Contractors must inform employees and applicants of the prohibition on discrimination by incorporating the changes into existing employee manuals, he stressed. They also must post copies of the Office of Federal Contract Compliance Programs (OFCCP) pay transparency provision in conspicuous places, either electronically or in the physical workplace. Goldstein noted that companies with online careers pages also should include the OFCCP provision with their online application form.
Ramón added that the EEOC policy posting already required in workplaces also must be amended to include the new anti-discrimination protections.
In addition, contractors should review all their written employee communications, including offer letters, retention agreements and new-hire materials, and eliminate any confidentiality language, Murphy urged. He also suggested that employers rethink the need for confidentiality clauses in certain documents.
For example, although severance agreements aren't specifically included in the definition of compensation, they are generally negotiated as confidential arrangements.
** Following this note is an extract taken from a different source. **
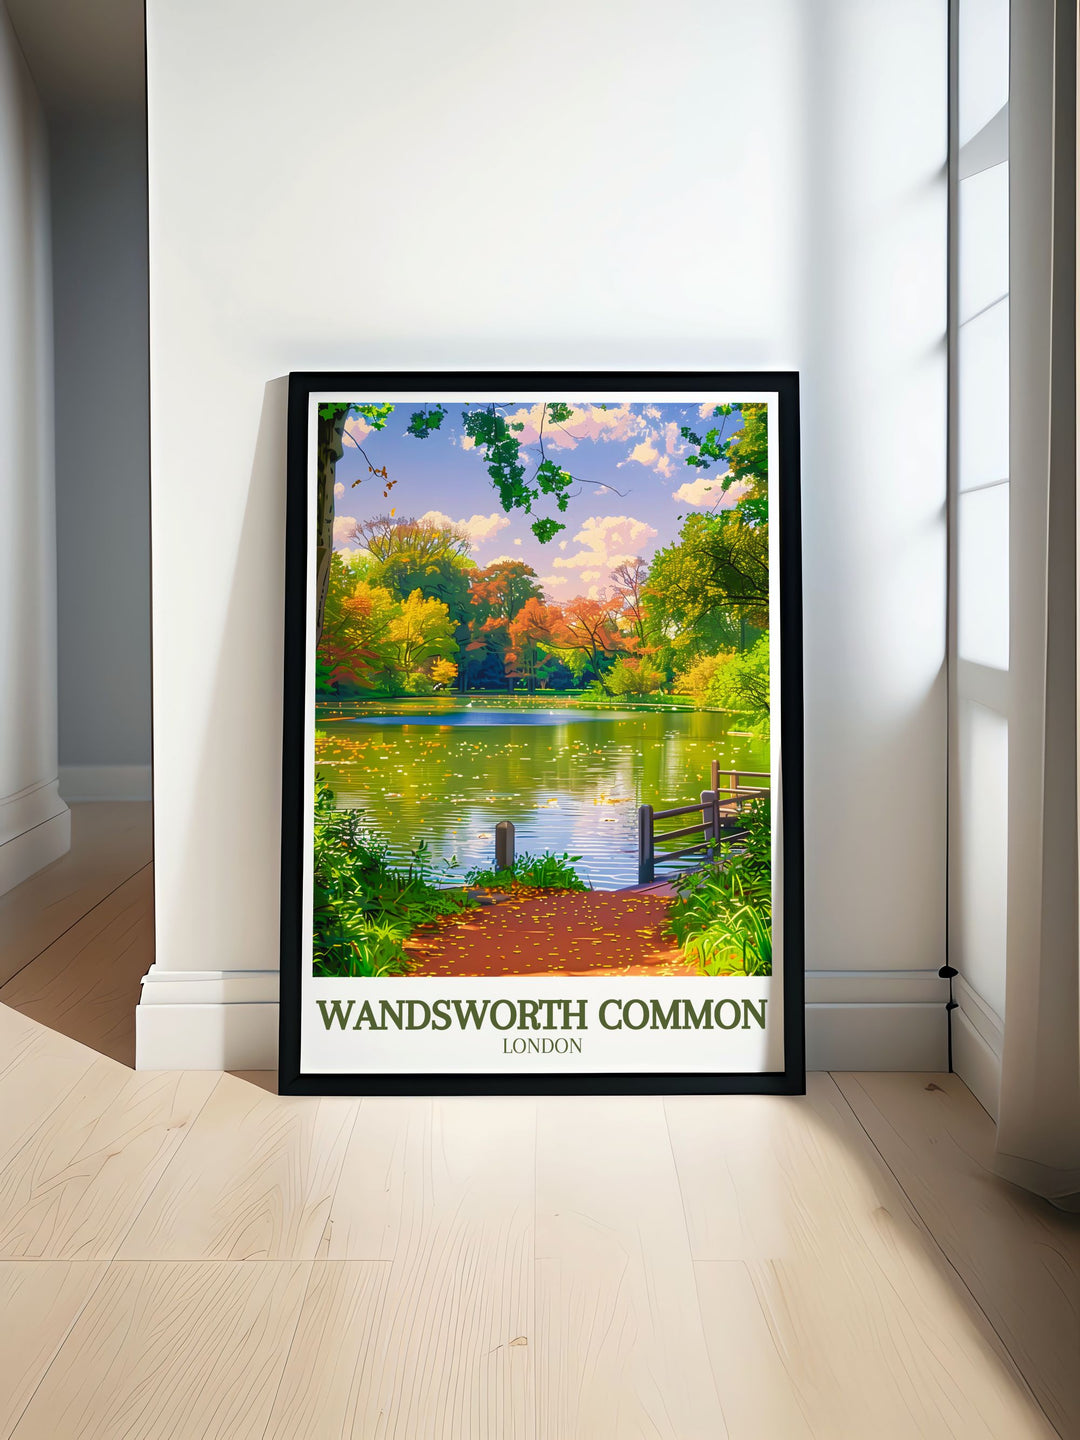 Beautiful illustration of Wandsworth Common featuring the iconic Wandsworth Windmill and lush greenery of Wandsworth Park. Perfect for those who love South London and want a stunning vintage London print for their home decor.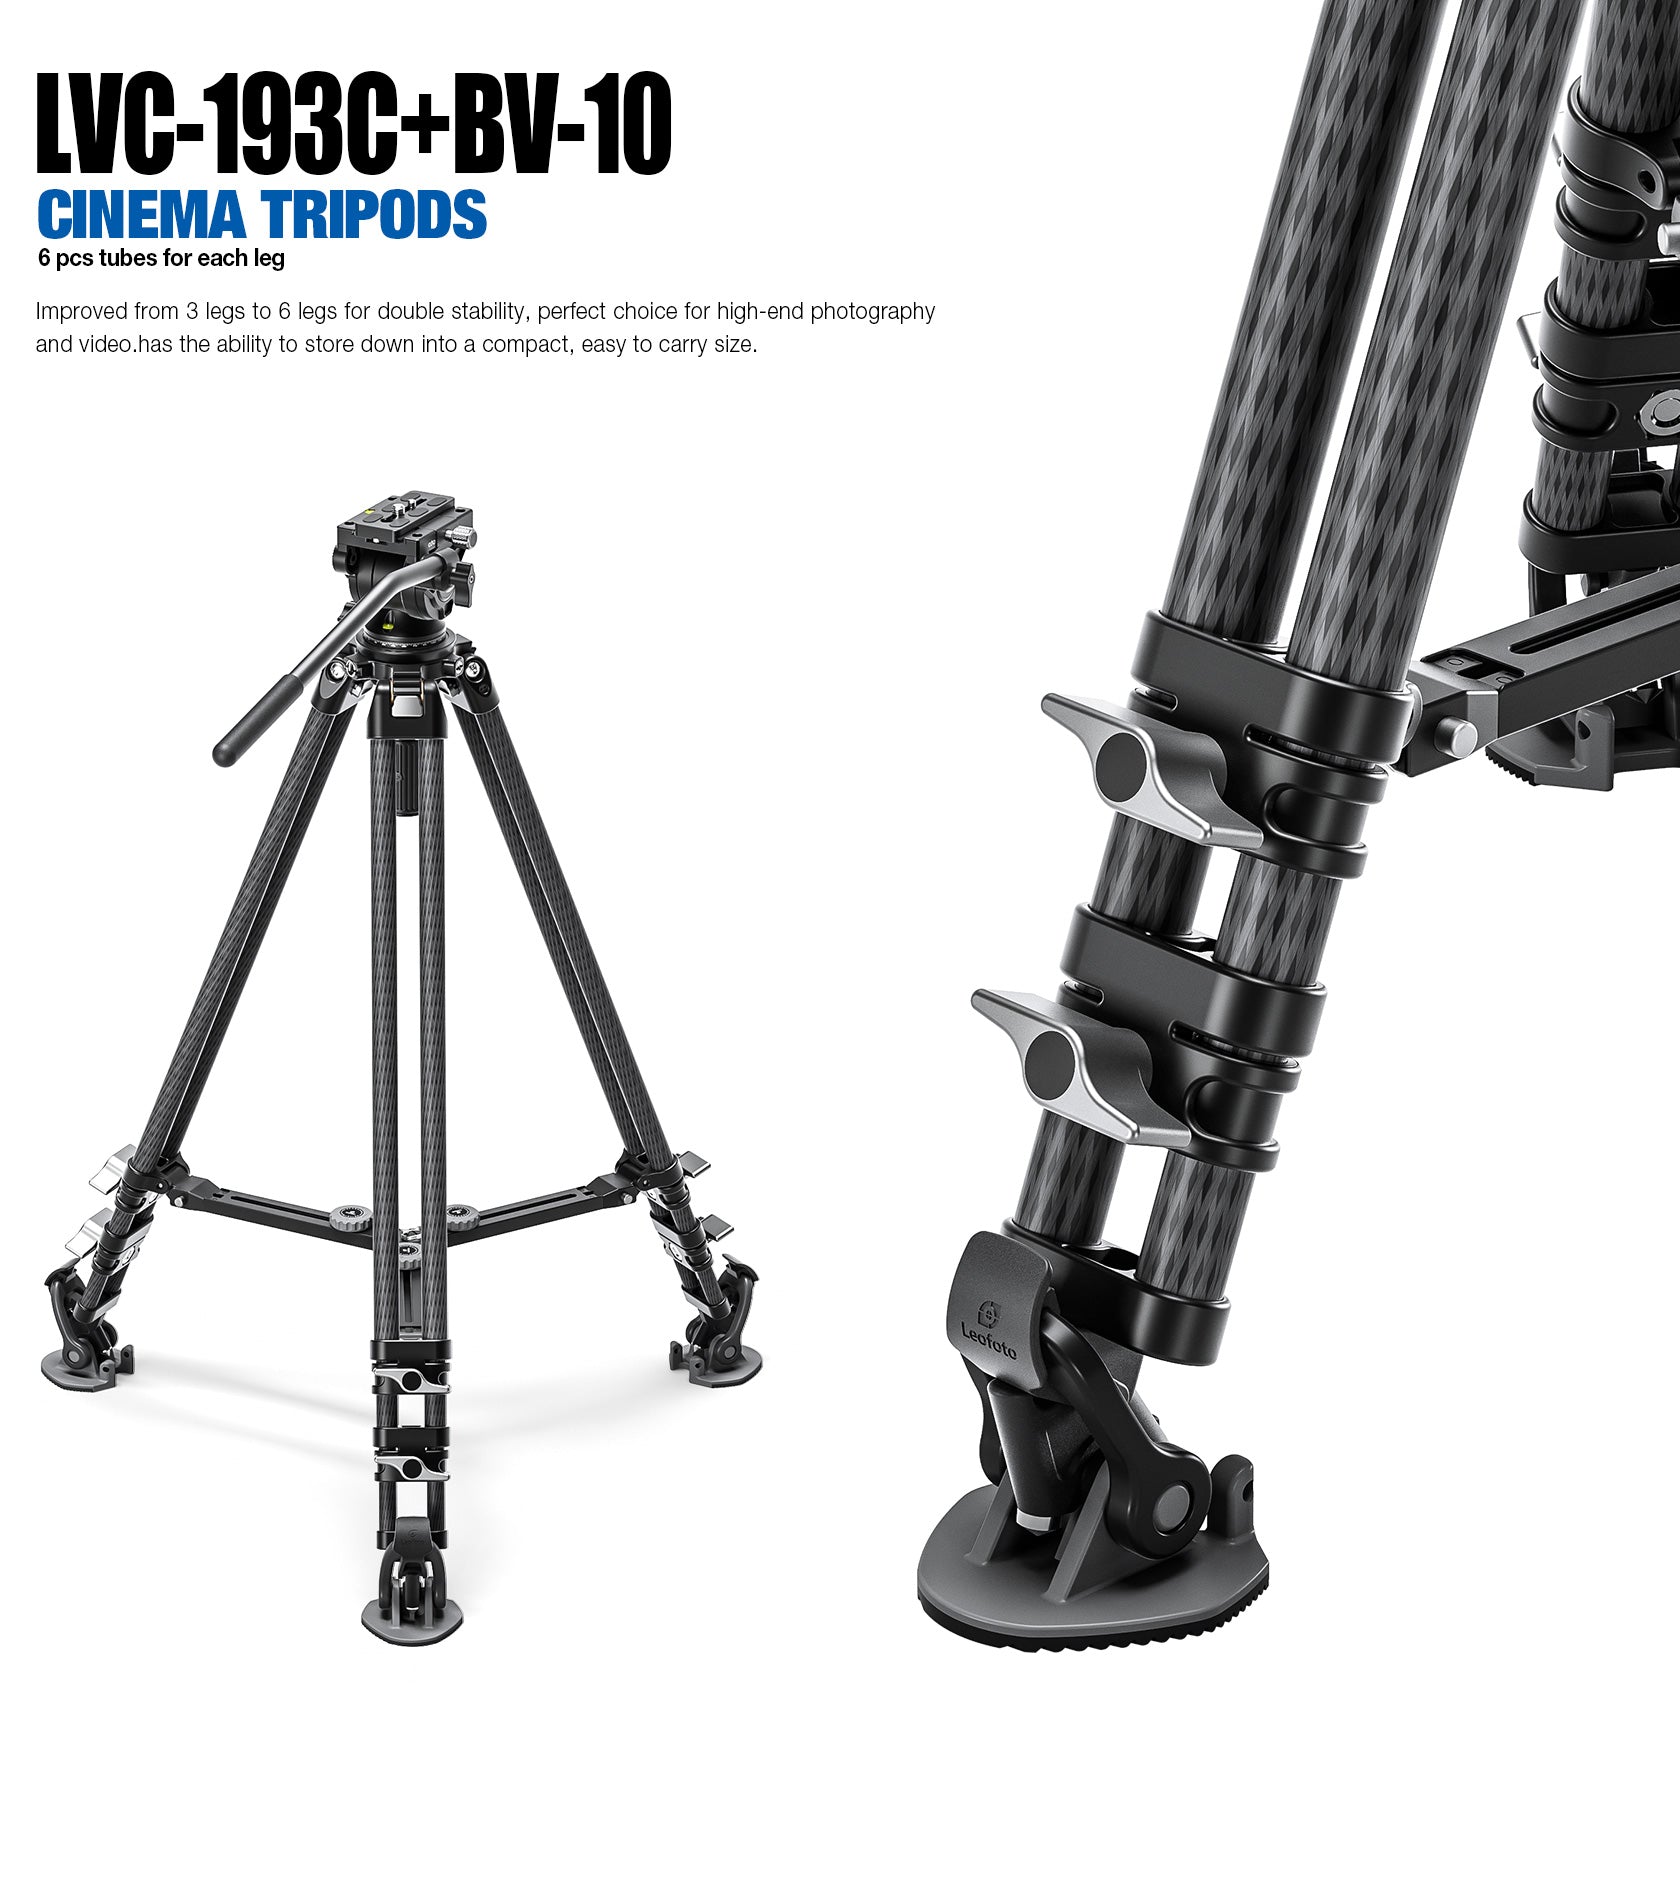 Leofoto LVC-193C+BV-10 Dual-Tube Video Tripod with Fluid Head Set  | 75mm Integrated Bowl with Leveling Base and Handle

In light of the interim rule, he suggested that it might be wise to omit any mention of severance being paid on the basis of an individual's service with the company and instead state that it is being offered in exchange for a release of any claims against the employer.
Employee Training Is Critical
It is critical that contractors train their supervisors and managers on the requirements of the rule, Murphy said: "Robust communication with supervisors and managers is essential to ensure that they appreciate these changes."
Because the interim rule protects an employee's right to share information obtained legally, employers can't discipline employees in situations where compensation information is accidentally found and subsequently shared, Goldstein said. For this reason, employers should establish general policies and practices stating that employees shouldn't go into colleagues' desks or rummage through their trash. Further, sensitive documents should be shredded or placed in a secure receptacle for shredding, rather than being thrown in the trash, he said.
"Put general policies and practices into place that will limit the likelihood of employees accidentally learning of their colleagues' compensation and then train your employees to properly follow the policies and practices," Goldstein stated.
The Labor Department estimates that implementation of the rule will affect about 500,000 contractors at a first-year cost to each firm of roughly $85. Goldstein, Ramón and Murphy disputed the cost estimate as being much too low.
"The estimated cost is way, way below any actual costs incurred in the real world," Ramón said, noting that consulting legal counsel, revising postings and amending handbooks would add up to much higher compliance costs.
The FAR Council will accept public comments on the interim rule until Nov. 29.
Rosemarie Lally, J.D., is a freelance legal writer and editor based in Washington, D.C.